Dr. Garber’s project for the coming year will explore the properties of ALDH1 positive cells in the context of BRCA1 or BRCA2 heterozygosity. Her specific aims approach these issues using an array of techniques and both clinical and laboratory approaches to improve understanding of the significance of these cells.

Mid-year Progress Report:
Dr. Garber continues to work in hereditary breast cancer and triple negative disease. Her group's first neoadjuvant trial of platinum for women with triple negative breast cancer gave rise to a second trial that has completed accrual. Based on their exciting results, the researchers have begun the Phase I trial combining platinum and an exciting new agent, a PARP inhibitor, that has shown exciting early results in women with BRCA1 and BRCA2 mutations and advanced ovarian and breast cancers. Once the doses are established, they will submit for IRB review a multi-center trial that Dr. Garber developed and led comparing platinum to platinum plus the new PARP inhibitors, a class of drugs Her team is conducting this trial with a number of other BCRF investigators (Drs. Baselga, Carey, Tung, Livingston, and Domchek).

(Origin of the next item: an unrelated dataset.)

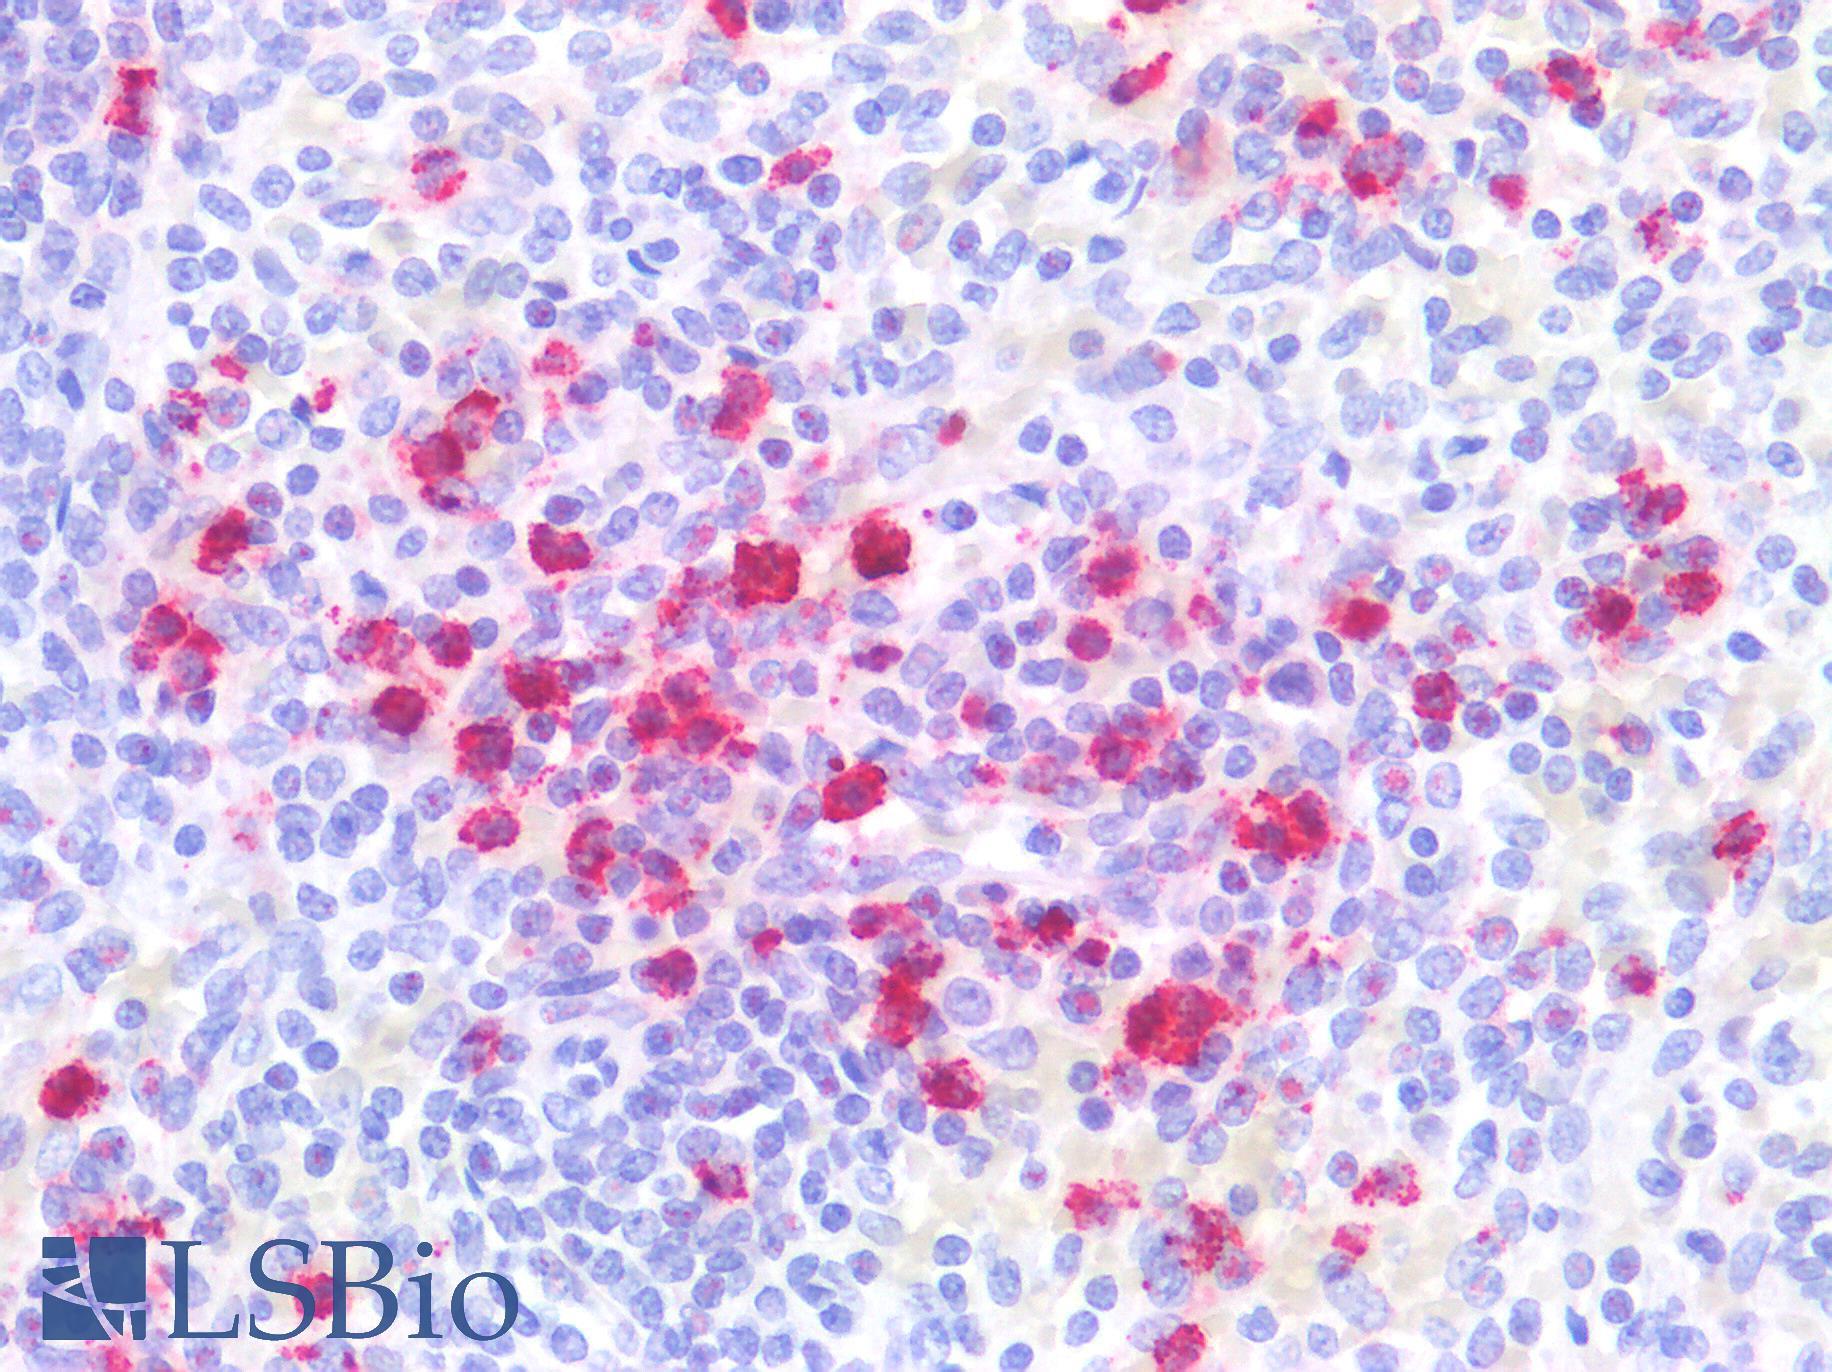 CTSG / Cathepsin G Antibody - Human Spleen: Formalin-Fixed, Paraffin-Embedded (FFPE)
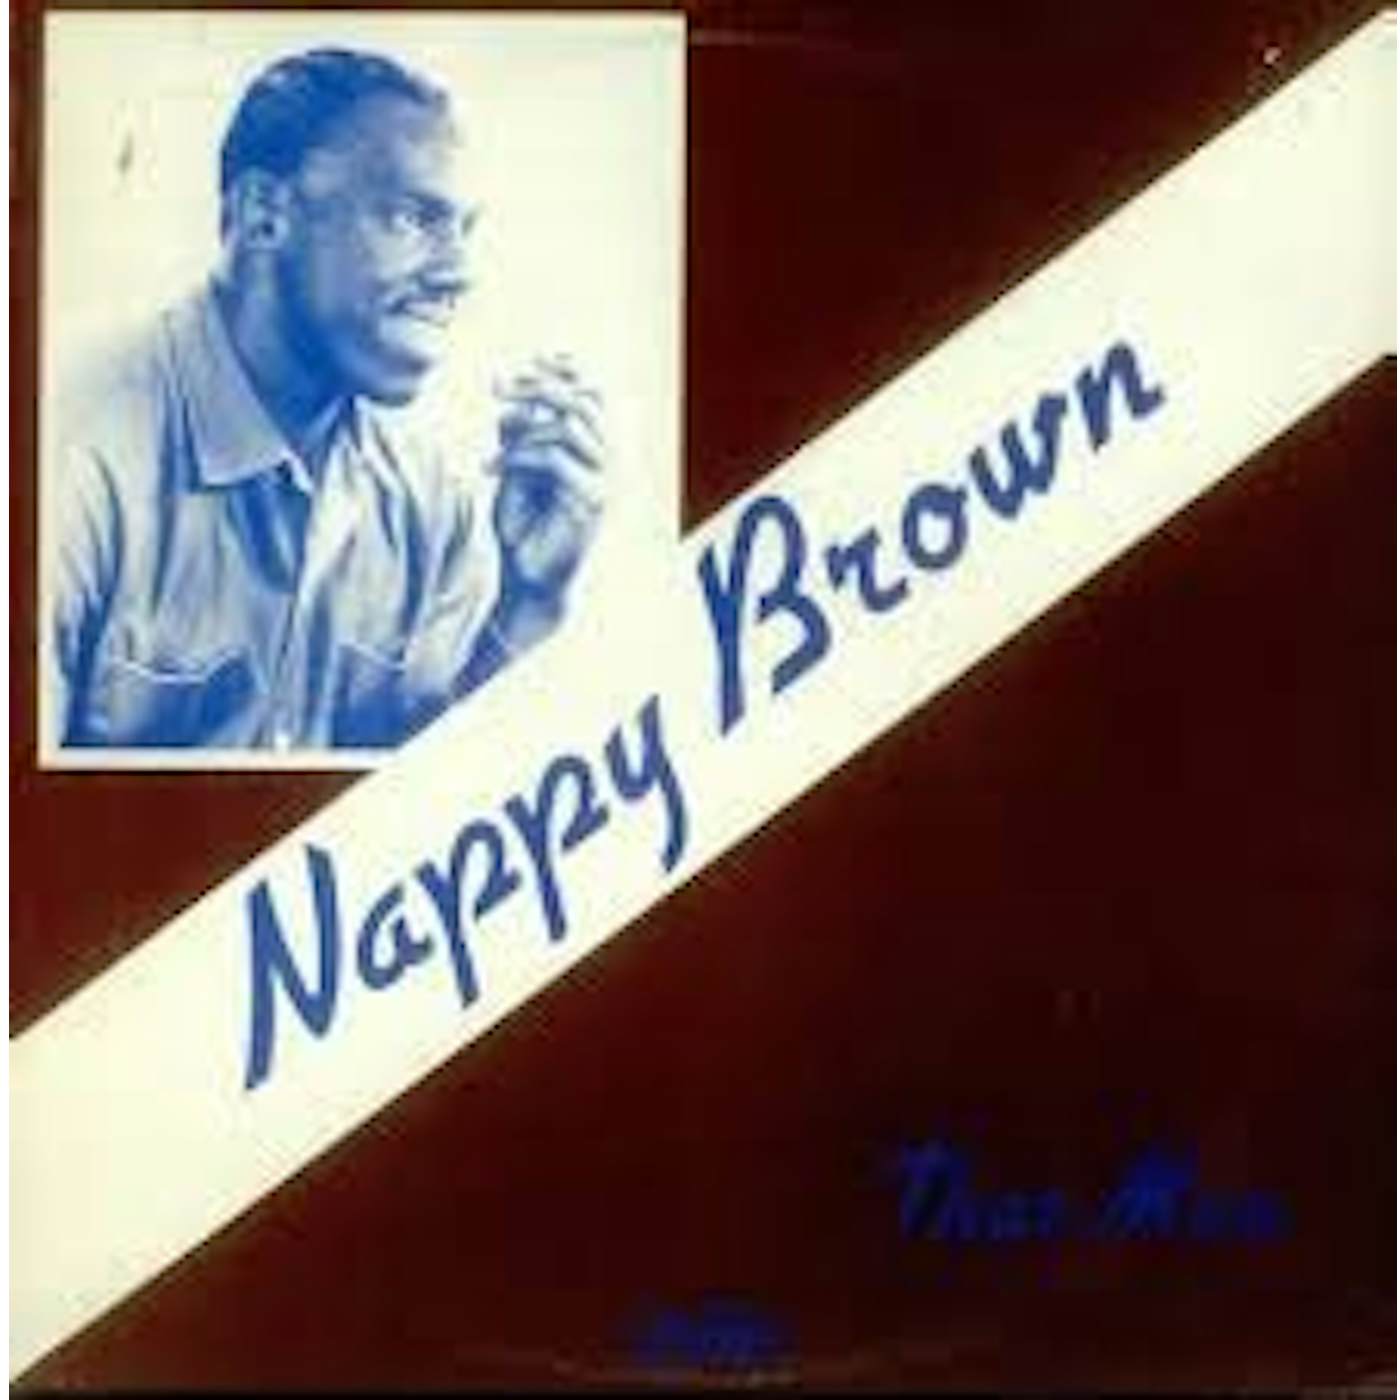 Nappy Brown That Man Vinyl Record

They also continue to study the breast tumors from women in the platinum trials to search for new targets for therapy, and new markers with which to predict response to current treatments. They have been studying familial lobular breast cancer, and have analyzed 141 specimens promised for analysis of the CDH1 gene, which has been linked to lobular breast cancers and hereditary gastric cancers. Their specimens again come from BCRF collaborators (Offit, Domchek, Brown, Ford, Olopade). Early results of the analysis suggest that CDH1 mutations only rarely underlie familial lobular breast cancer in the absence of diffuse gastric cancer. The researchers are in the midst of their collection and analysis of progesterone receptor in the normal breast tissue of women with BRCA1 mutations as a target for preventive therapies. They are also actively collecting fixed and frozen tissue samples from women undergoing prophylactic mastectomies for their BRCA1 or BRCA2-associated breast cancer risk for the researchers’ most recent study of ALDH1 stem cells as potential markers of breast cancer evolution in mutation carriers. Dr. Garber's laboratory collaborator, Dr. Silver, continues to investigate the role of BRCA1 in both DNA repair and differentiation.

Bio:
Dr. Garber is Director of the Cancer Risk and Prevention Program at the Gillette Center for Women's Cancers at Dana-Farber Cancer Institute. She is also an attending physician at Dana-Farber's Breast Evaluation Center, an associate physician at Brigham and Women’s Hospital and an associate professor of Medicine at the Harvard Medical School. Dr. Garber's research is focused on genetic susceptibility to breast, ovarian and other cancers, and the development of novel medical strategies to prevent cancer. She uses the tools of cancer epidemiology and biostatistics, genetics and molecular biology to identify women at high risk for breast cancer.

Dr. Garber has been at Dana-Farber Cancer Institute since 1988 when she joined the faculty after completing a fellowship in Medical Oncology at DFCI and fellowships in Cancer Epidemiology and Biostatistics at the National Cancer Institute and DFCI.

A graduate of the University of Virginia, Dr. Garber earned her medical degree and her master's degree in public health from Yale University School of Medicine and completed her internship and residency at Brigham and Women's Hospital and the Brockton-West Roxbury Veteran's Administration Medical Center.